Patients and methods
This prospective randomized study evaluated postoperative results in 40 patients with primary RD with inferior breaks. They presented with primary RD with inferior breaks and were divided into two groups, each group including 20 patients; the first group was treated by means of PPV with endolaser barrage 360°, and the second group was treated by means of PPV with SB. Intraoperative and postoperative complications and recurrence rate were recorded. Follow-up was carried out for 3 months.
Results
The mean age of patients in the first group was 56.2 years, whereas the mean age of patients in the second group was 55.3 years. Recurrent RD occurred in 10% of cases in the first group and in 5% of cases in the second group. Success rate was 90% (18 of 20 cases) in the first group and 95% (19 of 20 cases) in the second group.
Conclusion
Acceptable success rates can be achieved using PPV with endolaser barrage 360° to treat RD with inferior breaks. Supplementary SB is unnecessary to support the inferior retina as endolaser barrage with silicon oil and good positioning achieve tempo nade of the inferior breaks satisfactorily. Further, PPV with endolaser barrage 360° has fewer intraoperative and postoperative complications compared with PPV with SB.

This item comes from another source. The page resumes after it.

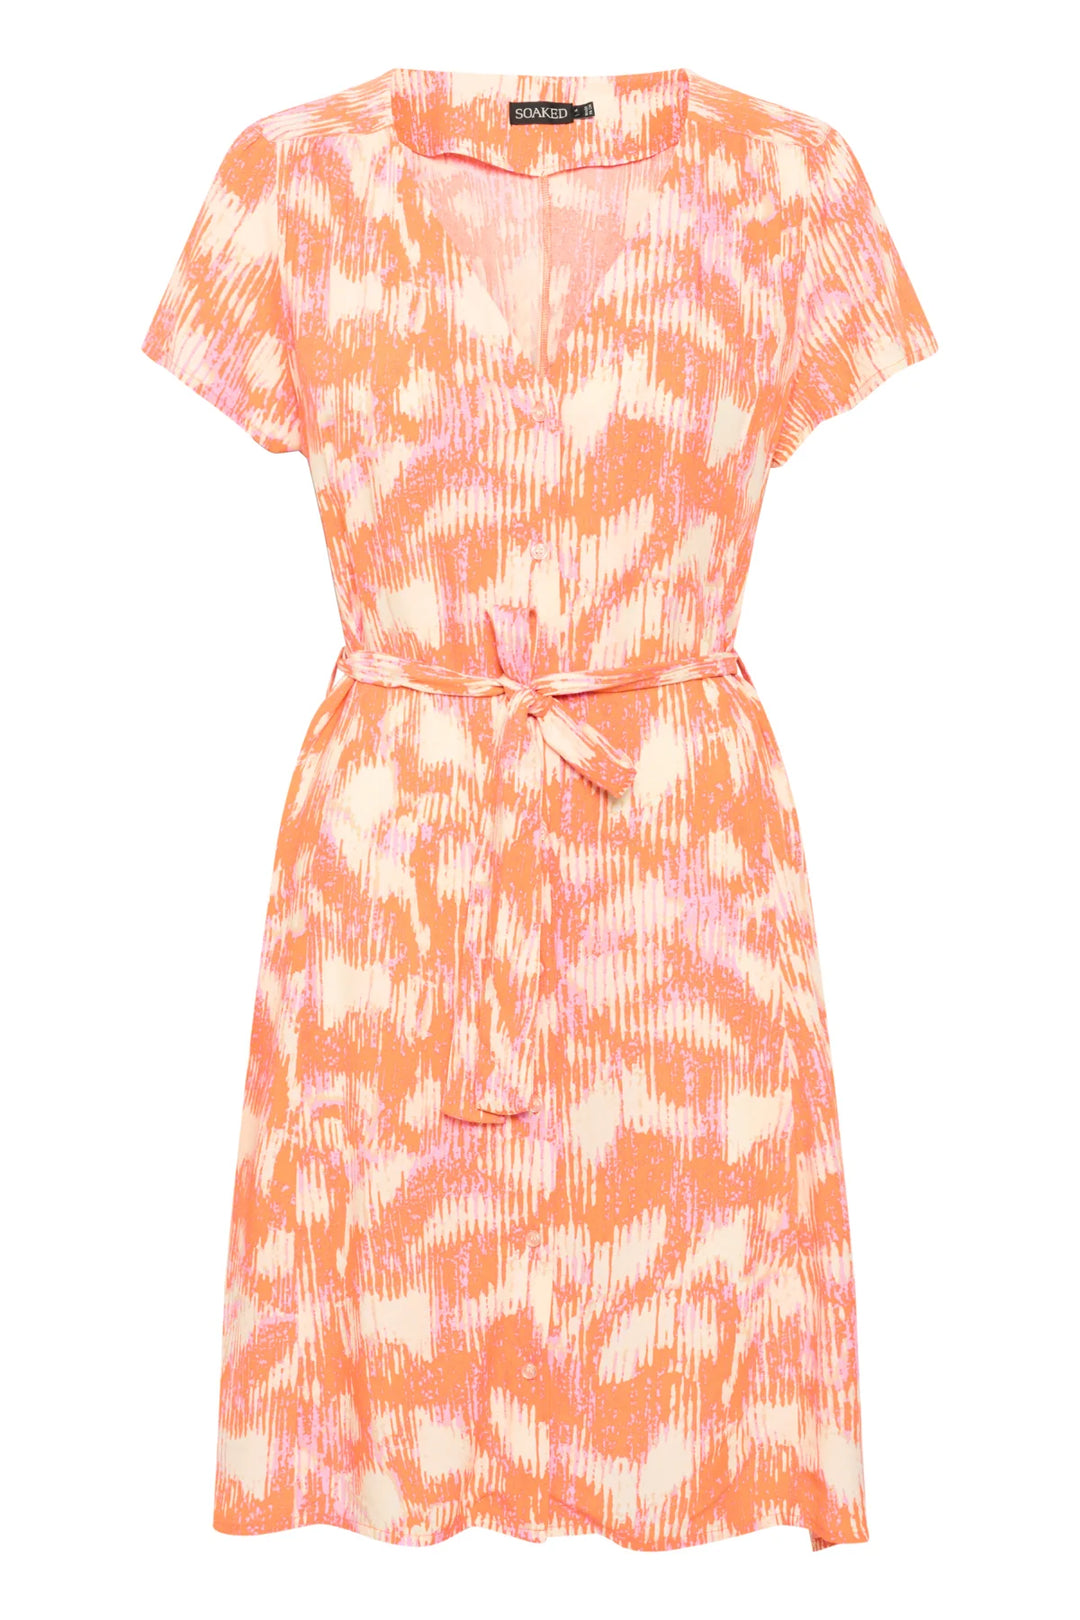 SLDUSINE SHORT DRESS "Tangerine"

Keywords: endolaser barrage, inferior breaks, pars plana vitreotomy


How to cite this article:
Al-Aswad MA, Enany HA. Pars plana vitrectomy with endolaser barrage 360° versus pars plana vitrectomy with scleral buckle for treatment of primary retinal detachment with inferior breaks . Delta J Ophthalmol 2015;16:84-8

How to cite this URL:
Al-Aswad MA, Enany HA. Pars plana vitrectomy with endolaser barrage 360° versus pars plana vitrectomy with scleral buckle for treatment of primary retinal detachment with inferior breaks . Delta J Ophthalmol [serial online] 2015 [cited 2017 Dec 12];16:84-8. Available from: http://www.djo.eg.net/text.asp?2015/16/2/84/165059


  Introduction Top


Successful retinal attachment surgery requires effective treatment for breaks and relief of vitreoretinal traction. Scleral buckle (SB) is the most well-established technique and has the longest published follow-up data [1] .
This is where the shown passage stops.